In some embodiments, the vapor compression system 72 may use one or more of a variable speed drive (VSDs) 92, a motor 94, the compressor 74, the condenser 76, the expansion valve or device 78, and/or the evaporator 80. The motor 94 may drive the compressor 74 and may be powered by the variable speed drive (VSD) 92. The VSD 92 receives alternating current (AC) power having a particular fixed line voltage and fixed line frequency from an AC power source, and provides power having a variable voltage and frequency to the motor 94. In other embodiments, the motor 94 may be powered directly from an AC or direct current (DC) power source. The motor 94 may include any type of electric motor that can be powered by a VSD or directly from an AC or DC power source, such as a switched reluctance motor, an induction motor, an electronically commutated permanent magnet motor, or another suitable motor.
The compressor 74 compresses a refrigerant vapor and delivers the vapor to the condenser 76 through a discharge passage. In some embodiments, the compressor 74 may be a centrifugal compressor. The refrigerant vapor delivered by the compressor 74 to the condenser 76 may transfer heat to a fluid passing across the condenser 76, such as ambient or environmental air 96. The refrigerant vapor may condense to a refrigerant liquid in the condenser 76 as a result of thermal heat transfer with the environmental air 96. The liquid refrigerant from the condenser 76 may flow through the expansion device 78 to the evaporator 80.
The liquid refrigerant delivered to the evaporator 80 may absorb heat from another air stream, such as a supply air stream 98 provided to the building 10 or the residence 52. For example, the supply air stream 98 may include ambient or environmental air, return air from a building, or a combination of the two. The liquid refrigerant in the evaporator 80 may undergo a phase change from the liquid refrigerant to a refrigerant vapor. In this manner, the evaporator 38 may reduce the temperature of the supply air stream 98 via thermal heat transfer with the refrigerant. Thereafter, the vapor refrigerant exits the evaporator 80 and returns to the compressor 74 by a suction line to complete the cycle.
In some embodiments, the vapor compression system 72 may further include a reheat coil in addition to the evaporator 80. For example, the reheat coil may be positioned downstream of the evaporator relative to the supply air stream 98 and may reheat the supply air stream 98 when the supply air stream 98 is overcooled to remove humidity from the supply air stream 98 before the supply air stream 98 is directed to the building 10 or the residence 52.

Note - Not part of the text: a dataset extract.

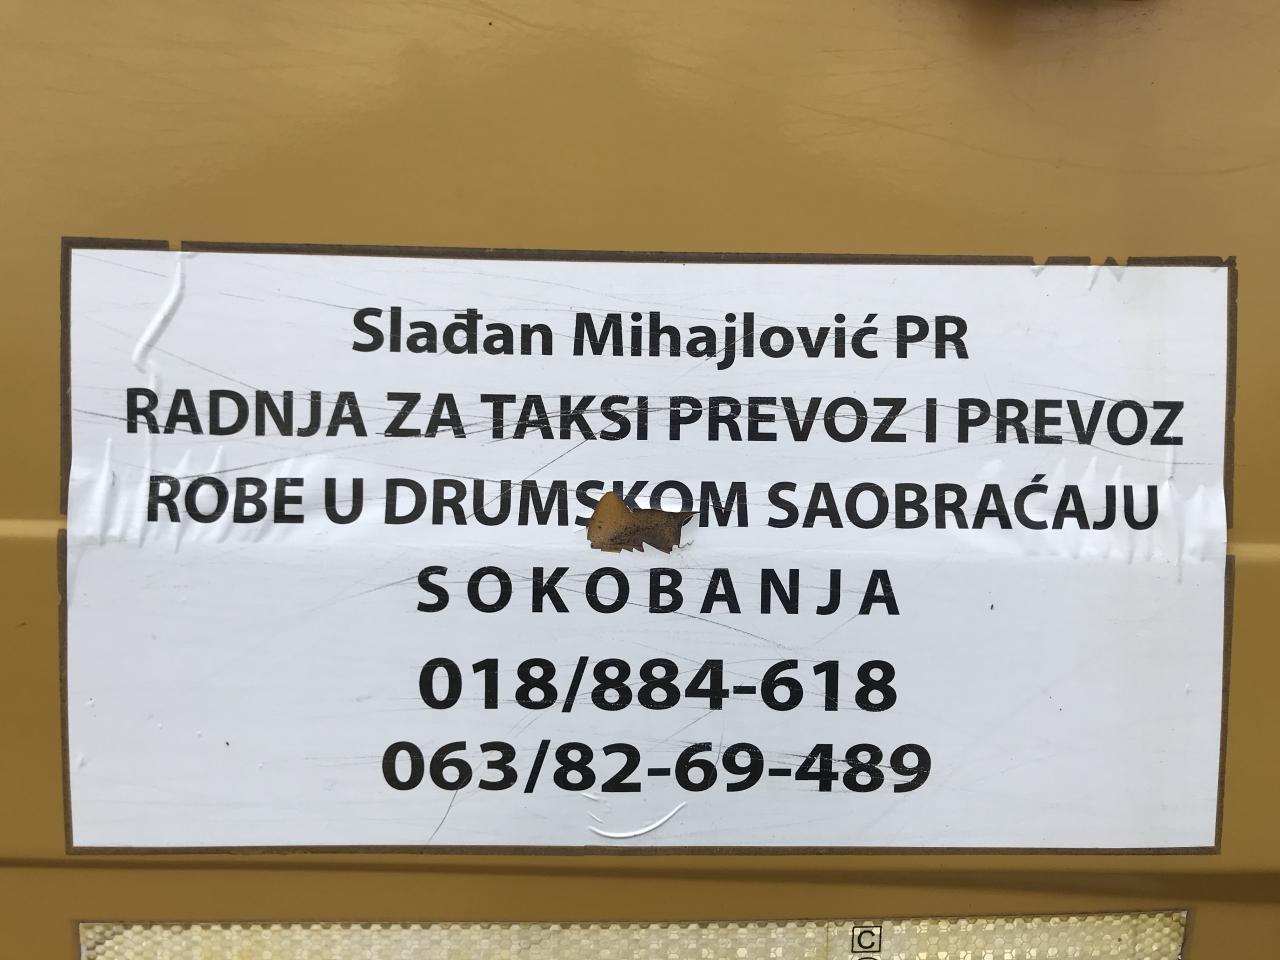 Slađan Mihajlović PR

It should be appreciated that any of the features described herein may be incorporated with the HVAC unit 12, the residential heating and cooling system 50, or other HVAC systems. Additionally, while the features disclosed herein are described in the context of embodiments that directly heat and cool a supply air stream provided to a building or other load, embodiments of the present disclosure may be applicable to other HVAC systems as well. For example, the features described herein may be applied to mechanical cooling systems, free cooling systems, chiller systems, or other heat pump or refrigeration applications.
As noted above, air may flow through a HVAC system, where its temperature may be increased by a heat exchanger, such as via the furnace system 70 of
In addition to circulating air, the packaged unit 100 may change the temperature of the air flow. For example, the packaged unit 100 may include a refrigerant circuit that circulates a refrigerant therethrough, where the refrigerant circuit is in thermal communication with the air flow. The refrigerant may flow through a condenser 108, where the refrigerant may be cooled.

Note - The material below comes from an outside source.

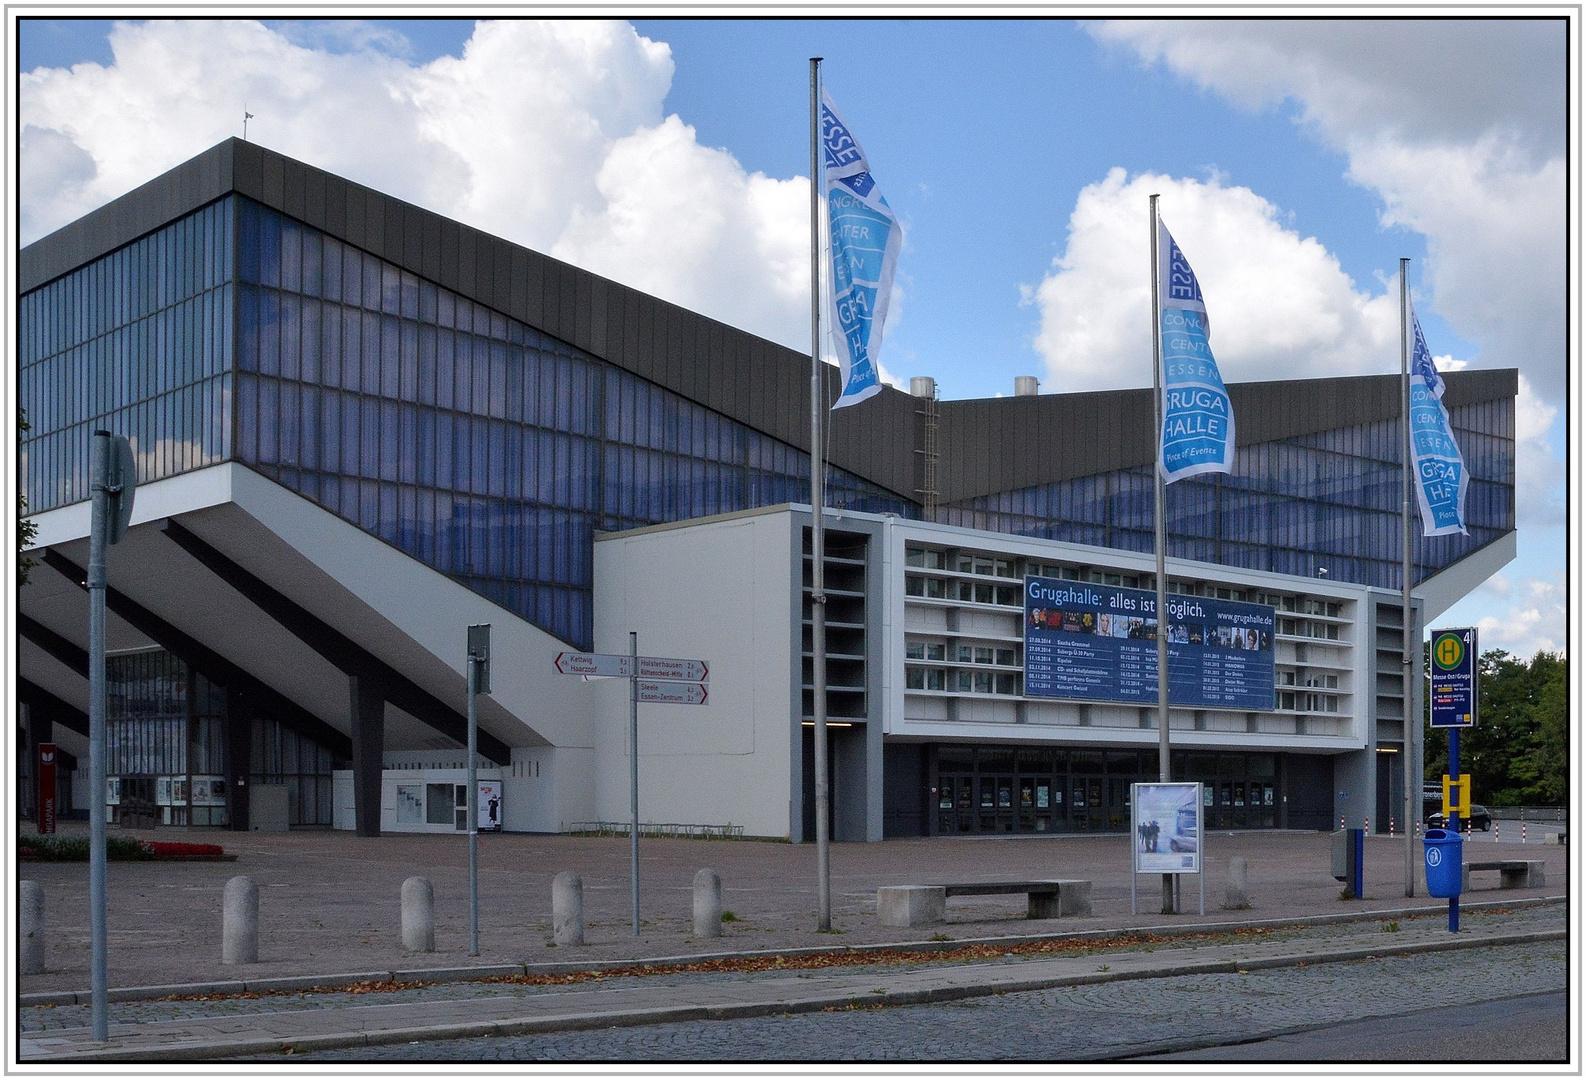 Architektur im Ruhrgebiet (1)

The packaged unit 100 may be capable of operating in a heating mode and a cooling mode. During operation of the heating mode, air may be taken into the packaged unit 100 at the return section 104 to enter an air flow path. As mentioned, air may be taken in from ductwork that is connected to a building. However, in other embodiments, air may be taken in from ambient air, such as from an outside environment. In certain embodiments, the air flow passing through the packaged unit 100 may include air from the return section 104 and from ambient. After the air flow enters the packaged unit 100, the air flow may pass through a filter 112. The filter 112 may remove particles from the air flow, such as dirt and other debris. The filter 112 may be a pleated filter, an electrostatic filter, a HEPA filter, or a fiber glass filter that traps the debris when the air flow passes through the filter 112. After being filtered, the air flow may be directed to the evaporator 110. As discussed above, at the evaporator 110, the air flow may be cooled by transferring heat to the refrigerant within the evaporator 110. In addition, cooling the air flow may also remove moisture from the air flow and thus, the packaged unit 100 may also dehumidify the air flow. Once cooled, the air flow may be directed to a blower 114, which may increase the velocity of the air flow to exit the supply section 106 of the packaged unit 100 at a high enough velocity, such as to be circulated through the ductwork. In some embodiments, the blower 114 may also operate to draw air in through the return section 104 and thereby function to both draw in and expel air.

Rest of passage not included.